In the last few months, you may have seen chatter about Minecraft on a Neural Network, Genie-2, Simulated DOOM, or CS:GO on a Diffusion Model. These recent demonstrations of world models — or neural networks to compress the dynamics of visual, action-based, or other types of data — have taken X by storm, but have also been the source of significant confusion.
In reality, though, these posts are far more than half-baked reconstructions of your favorite video games — we think they are a key part of the future of robotics and autonomy. The data moats that major players in the space have established will not evaporate overnight, but world models represent a credible promise for leveling the playing field, enabling “little robotics” to innovate and compete more effectively.
A disordered world
Historically, the field of robotics has been plagued by the difficulty of robots interacting with disordered environments and their intractable dynamics — for example, training a robot to walk on wet leaves. As my colleague Oliver has previously written about the complexities of general-purpose robotics: demos are easy, but bringing robots to market has proven difficult.
One problem is training robots on data that mirrors the real world. Conventionally, a simulator — not unlike a game engine that drives your favorite videogames — is used to train the robotic decisionmaking model before it is deployed. However, constructing these simulations using tools such as ROS, Unity, Unreal Engine, or Grand Theft Auto 5 is time consuming and fails to generate realistic data — effects that compound as robotic fleet sizes scale up.
Further complicating things for roboticists is that most modern approaches to autonomy are multimodal: cameras, radar, lidar, GNSS, IMU, and other sensors act in unison. However, classical mathematical models of robotic motion typically only ascertain information about the dynamics of the robot itself, not how a camera output or lidar reading would change as a result of a given action. As a result, many “simple motion” scenarios — like driving a wheeled robot a desired distance — have long been achievable, but tasks that are more difficult to describe with mathematics — such as folding a shirt with robotic arms — have only been made possible in the last few years.
Recent advances in machine learning have begun to address these longstanding challenges by leveraging neural networks to better understand and predict complex, multimodal interactions within disordered environments. By focusing on methods that simulate not only robotic dynamics but also the sensory outcomes of those dynamics, researchers have opened the door to more robust and scalable solutions. These approaches aim to overcome the limitations of traditional simulators by producing data that closely mirrors real-world scenarios, offering a more efficient and comprehensive pathway for training and evaluating robotic systems.
The rise of neural simulators
In its current state, neural simulation typically involves the use of an image or generative video model to create realistic visual data from a robot — conditioned on previous camera footage, actions taken by the controller, sensor readings, and so on. The models at the heart of neural simulation are extremely similar to popular models such as Flux, Stable Diffusion, Midjourney, or DALL-E. The major difference from these models is that instead of prompting the models with a text description of your desired image, the model is prompted in the form of prior video and other associated data.

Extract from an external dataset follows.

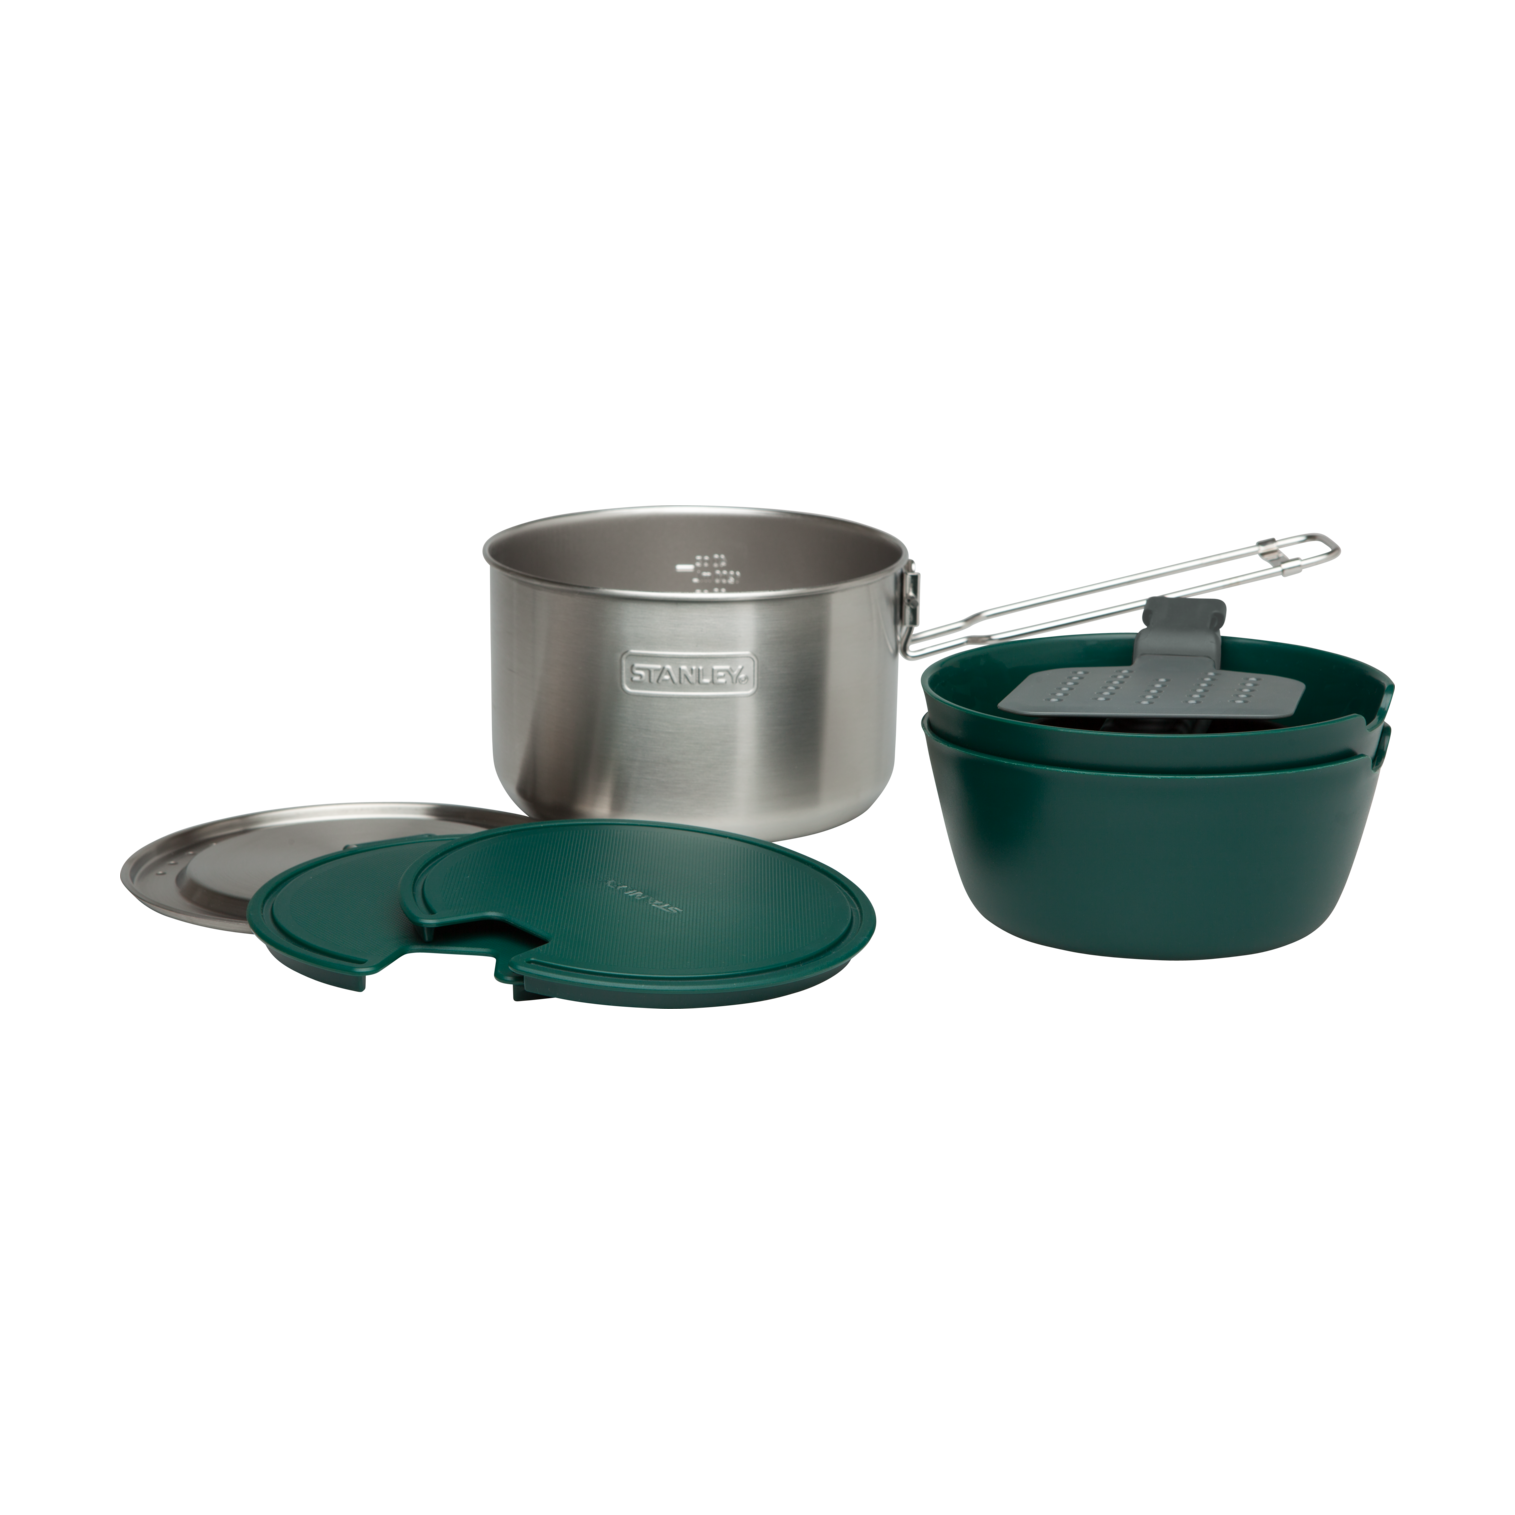 All-In-One Two Bowl Cook Set | Stainless Steel Camp Cookware

Because the previous frames and actions contain information about the scene, the network is able to approximately predict the next frame in the video sequence. Using the generated frame as context for an additional frame, an image model “rolls out” a video of next frames, which attempts to predict the visual future of the scene. The result is a model that effectively serves as a replacement for traditional simulations, offering greater flexibility and performance at scale.
At a high level, neural simulation addresses three core problems for robotics companies (presented here in increasing order of complexity and present usage): error replay, synthetic data generation, and model-based reinforcement learning.

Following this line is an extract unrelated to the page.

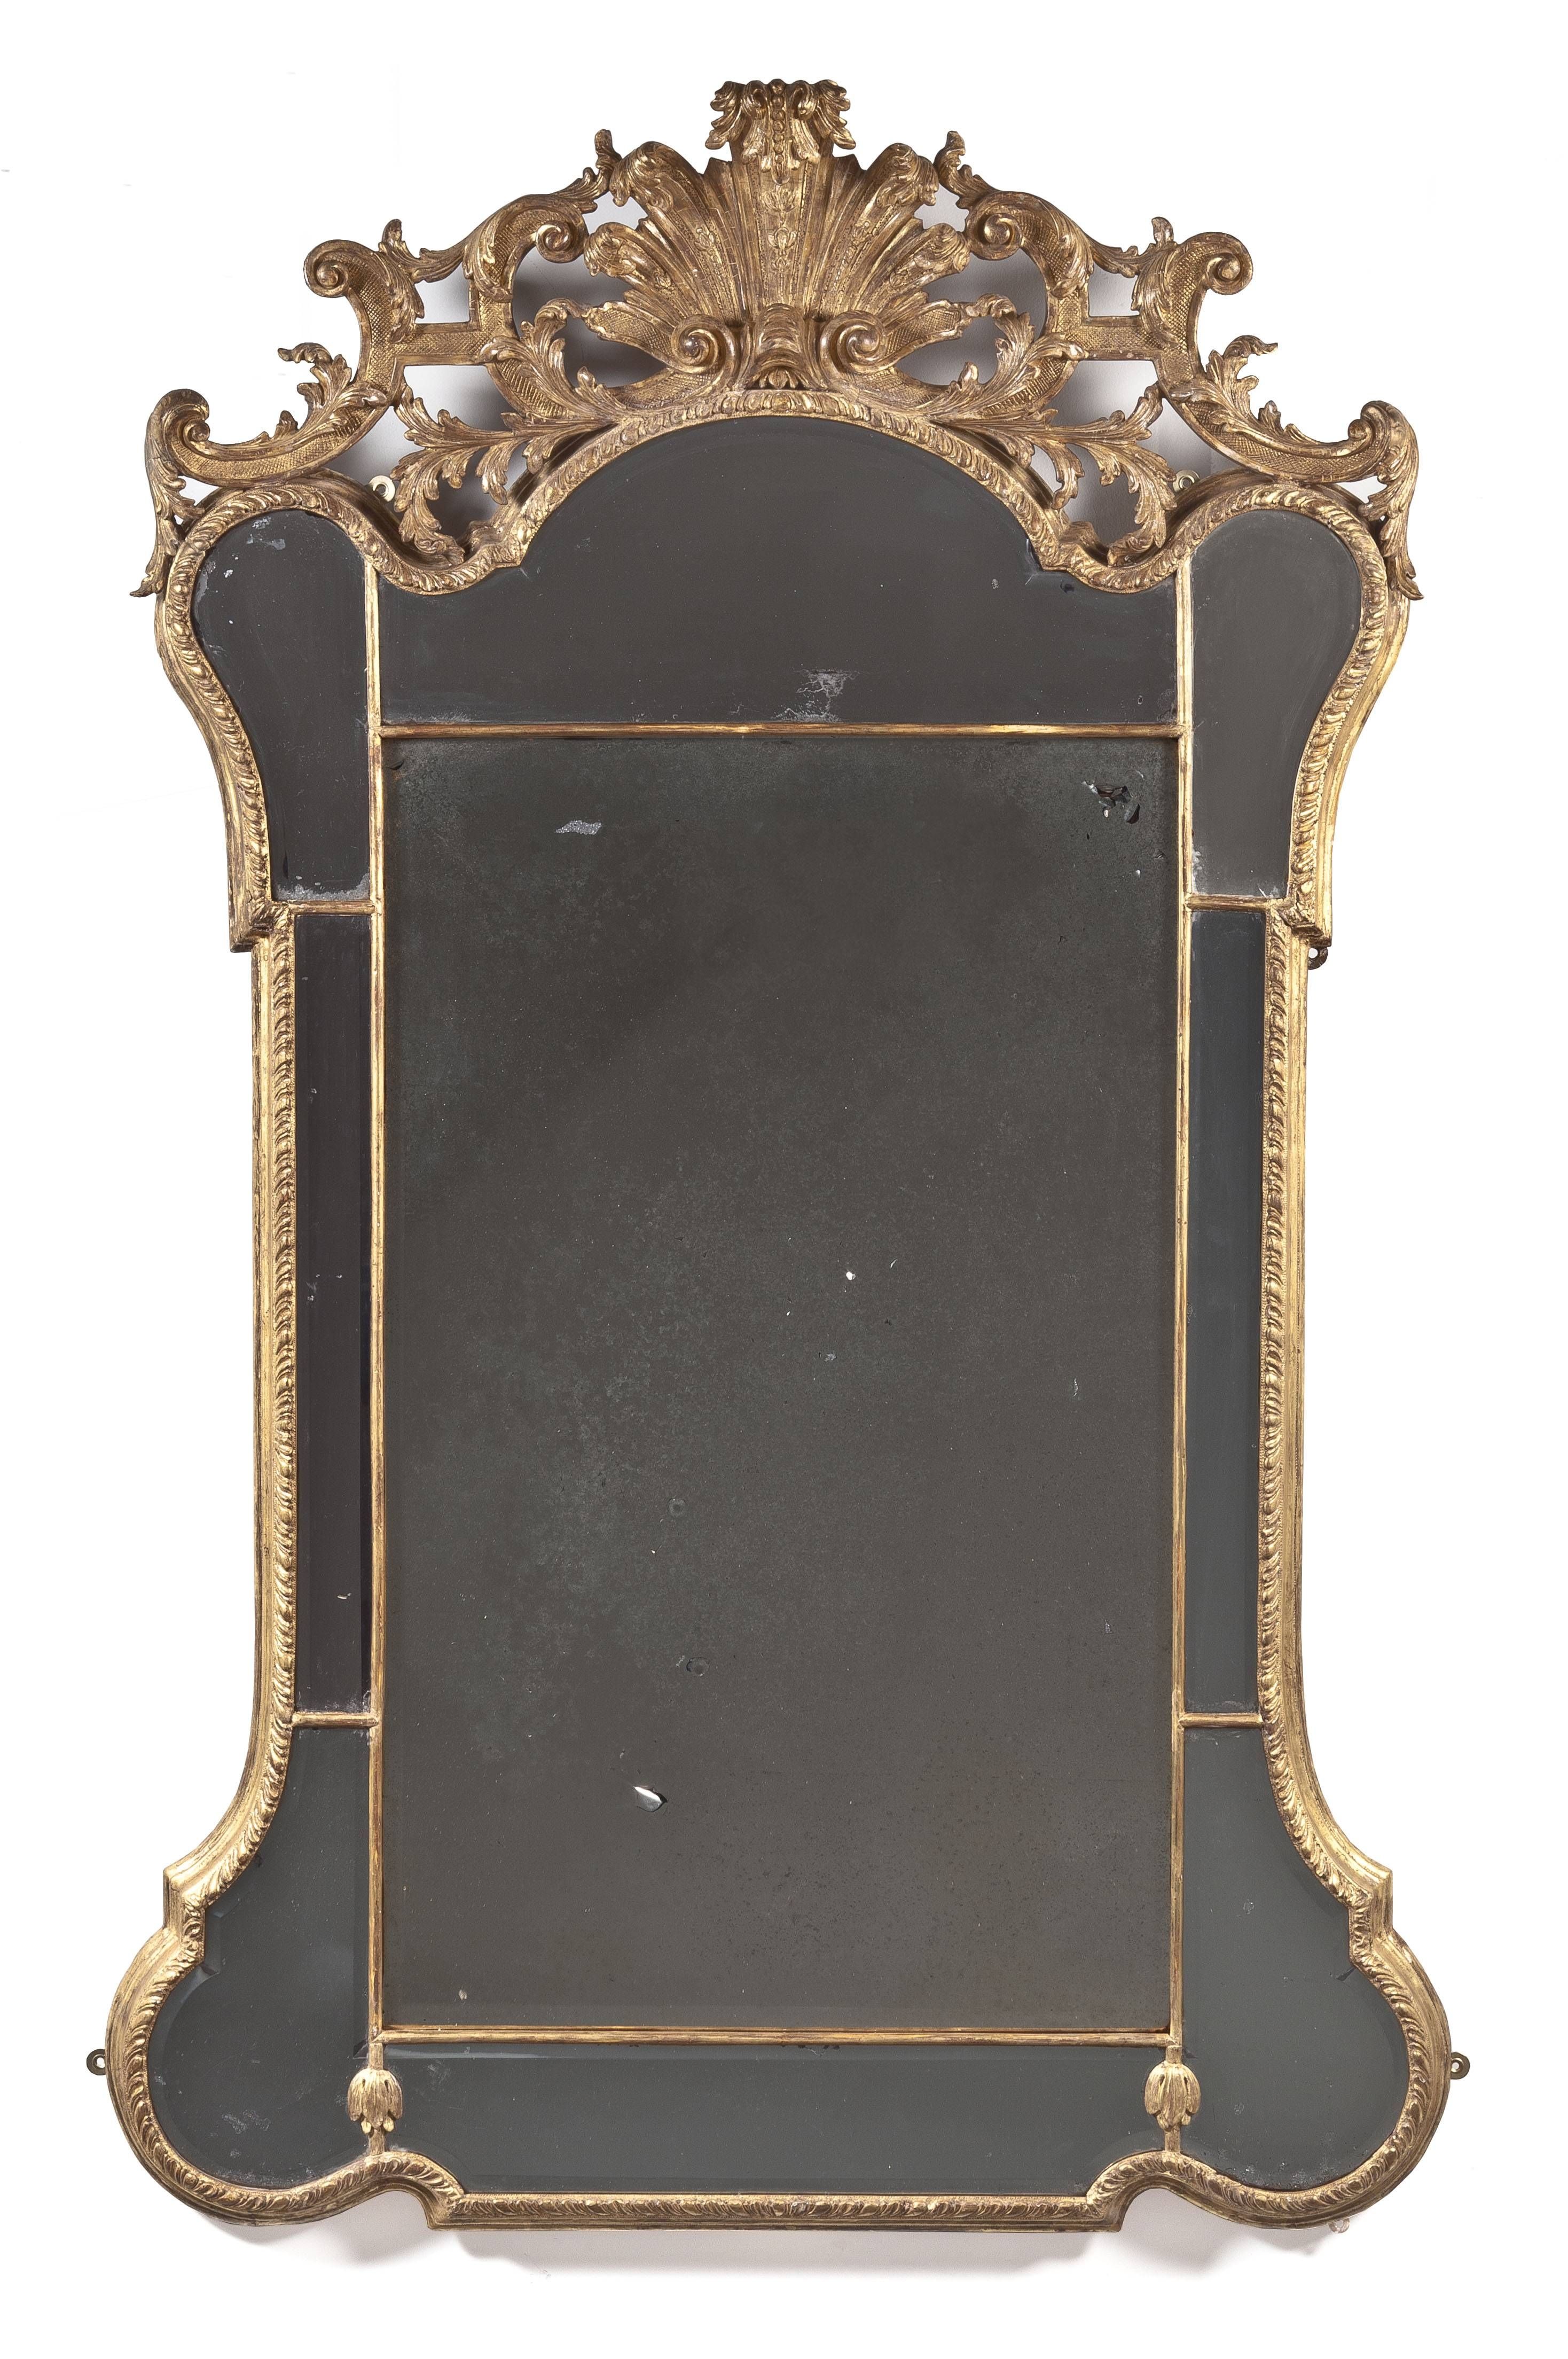 Large Baroque Mirror | Clinton Howell In Large Baroque Mirrors (View 5 of 25)

Neural simulators for error replay
Say you are the developer of an autonomous vehicle and you just witnessed the car blow through a red light, despite the model working at 99% of stoplights. How can you address this anomaly in the model? One way to do this is through scene recreation, which involves carefully reconstructing the conditions that led to the model failure and then retraining the model until the scene (and others with comparable setups) do not trigger a model failure (or “disengagement” in AVs) in future scenarios. Scene recreation involves either setting up physical props or manually modeling the scene in a game engine to test the new model.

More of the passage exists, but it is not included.